▶ [PROBLEM TO WORK ON] Using the listing below, print the line containing "Solution:10.9455 as a fraction is 4017/367", the line containing "Literature adds to", and each line between them, exactly and nothing else. Pictures stay out of the print.

▶ [INPUT]
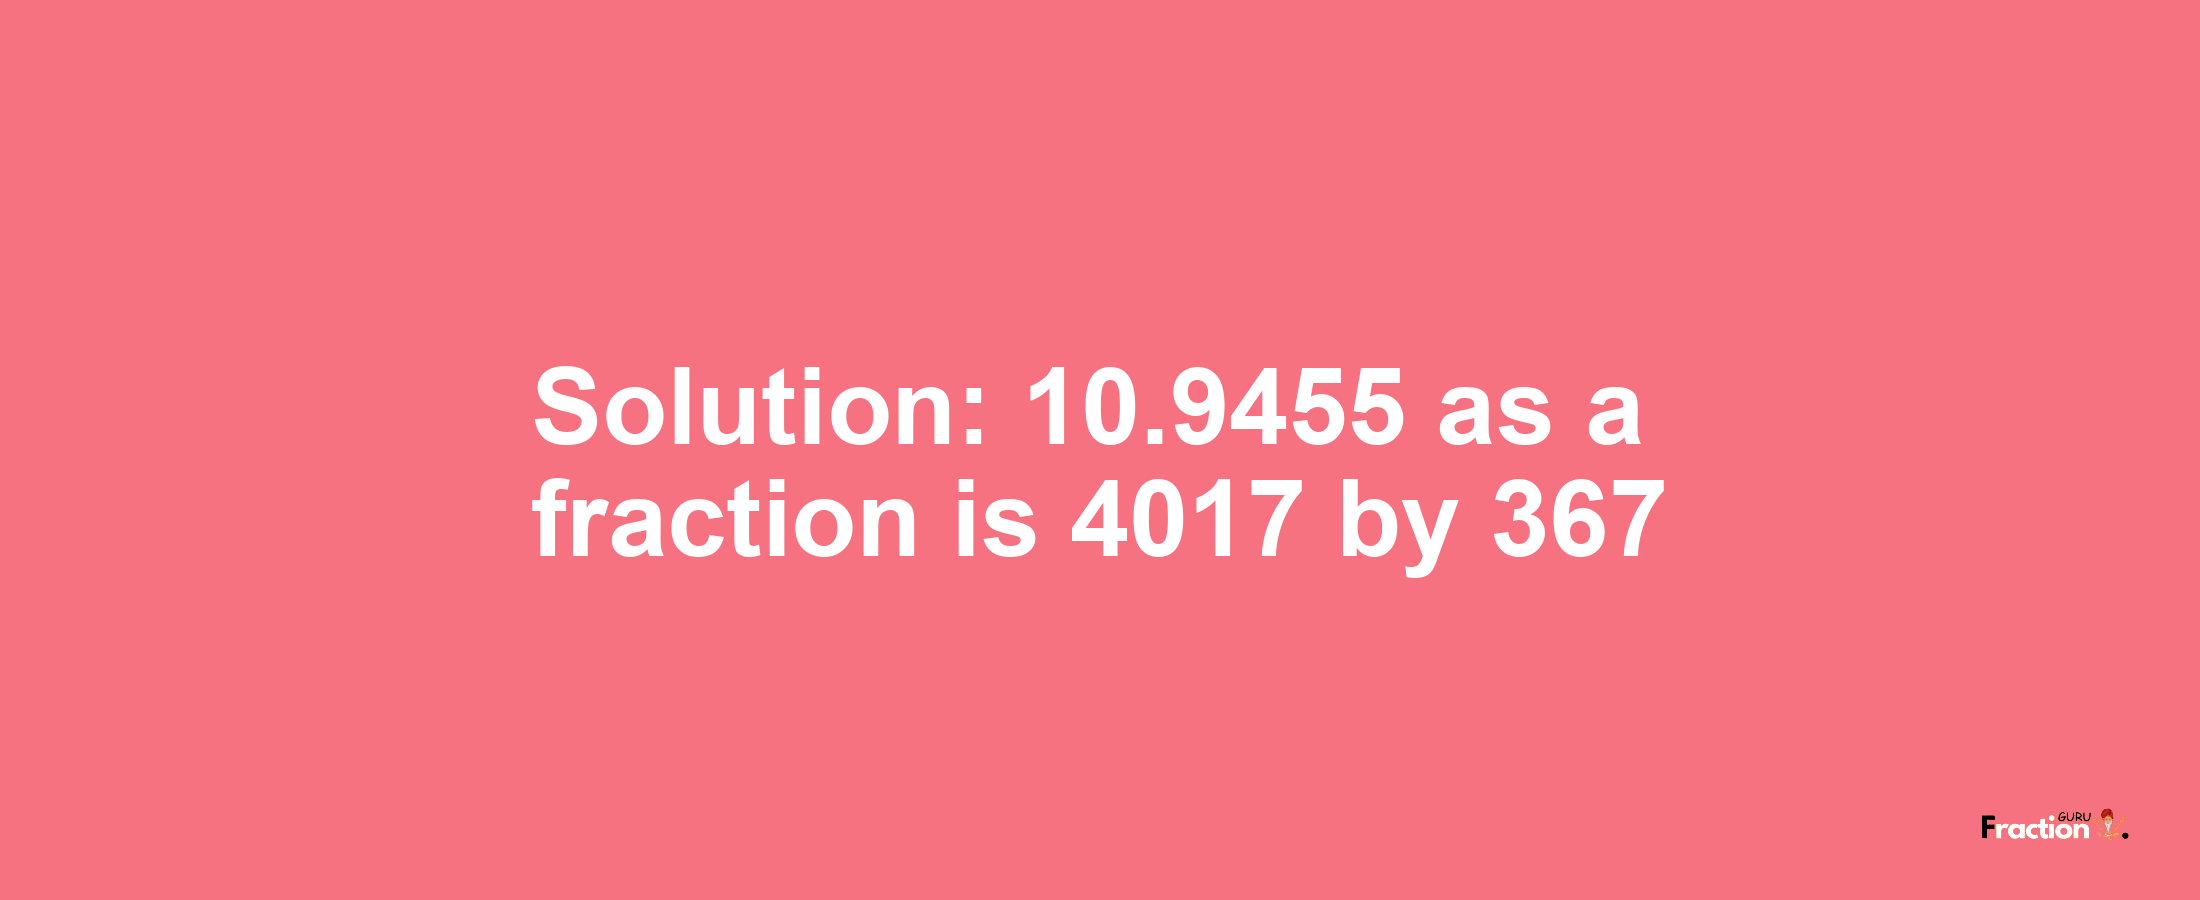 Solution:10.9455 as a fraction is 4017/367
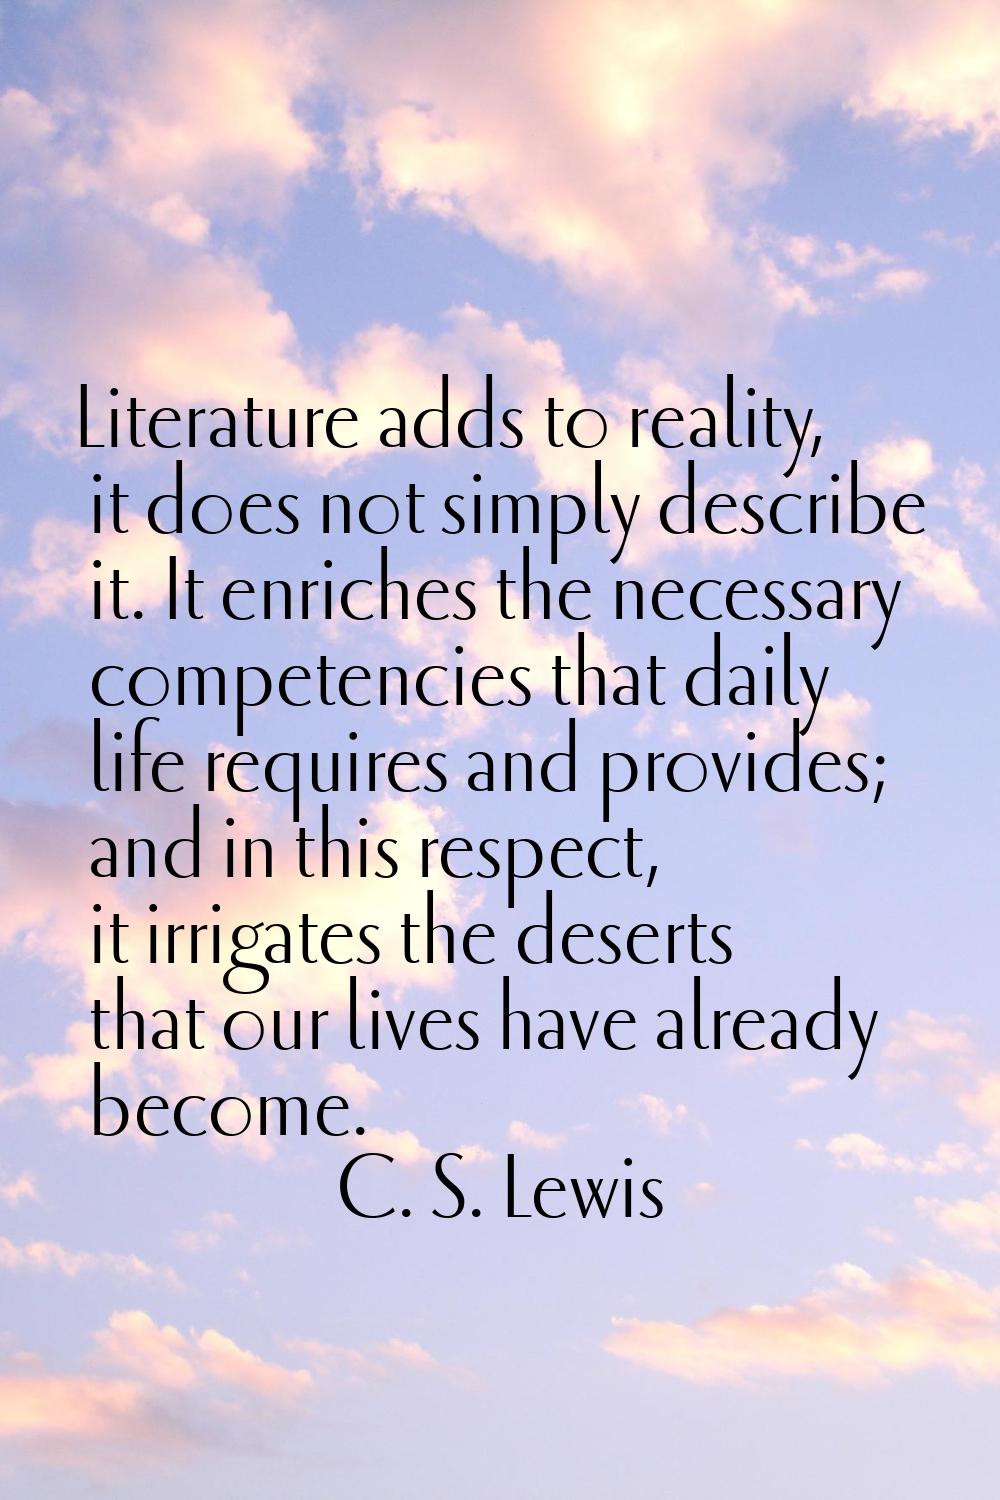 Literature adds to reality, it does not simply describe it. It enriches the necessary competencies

--

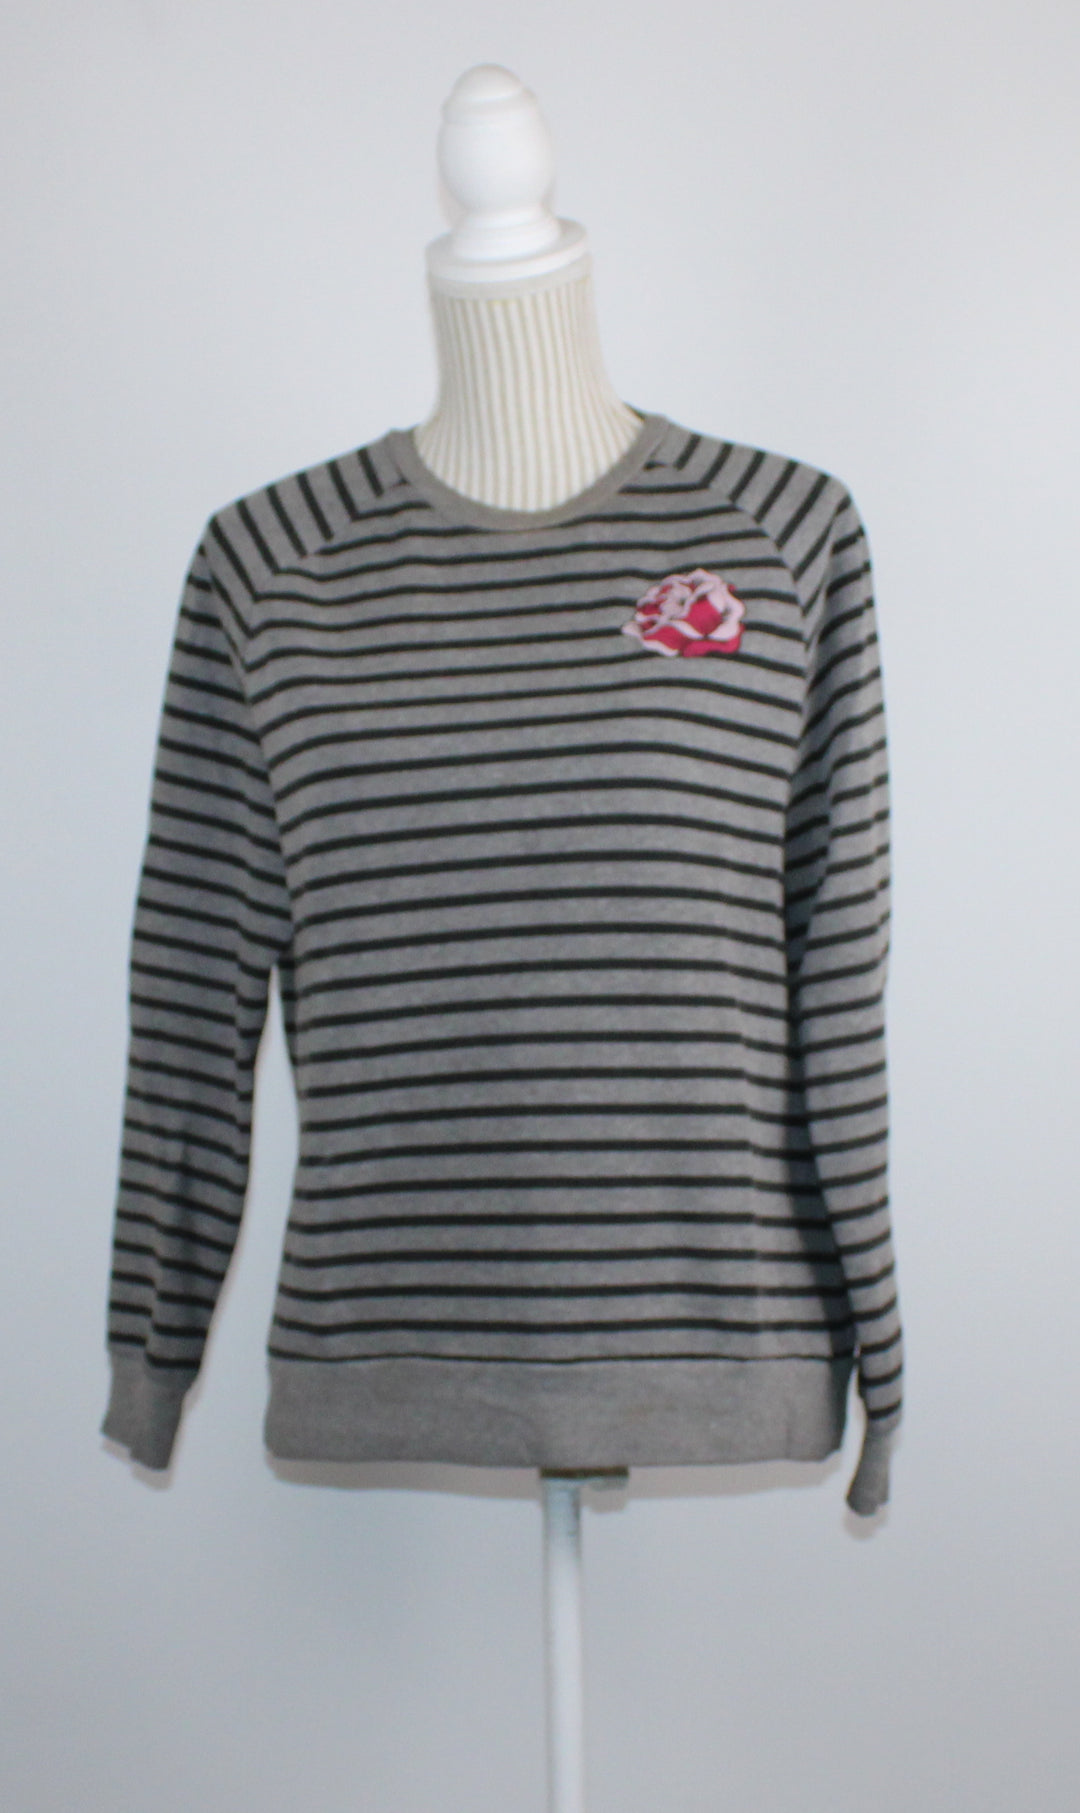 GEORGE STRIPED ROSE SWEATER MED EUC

▶ [RESULT]
 Solution:10.9455 as a fraction is 4017/367
 Literature adds to reality, it does not simply describe it. It enriches the necessary competencies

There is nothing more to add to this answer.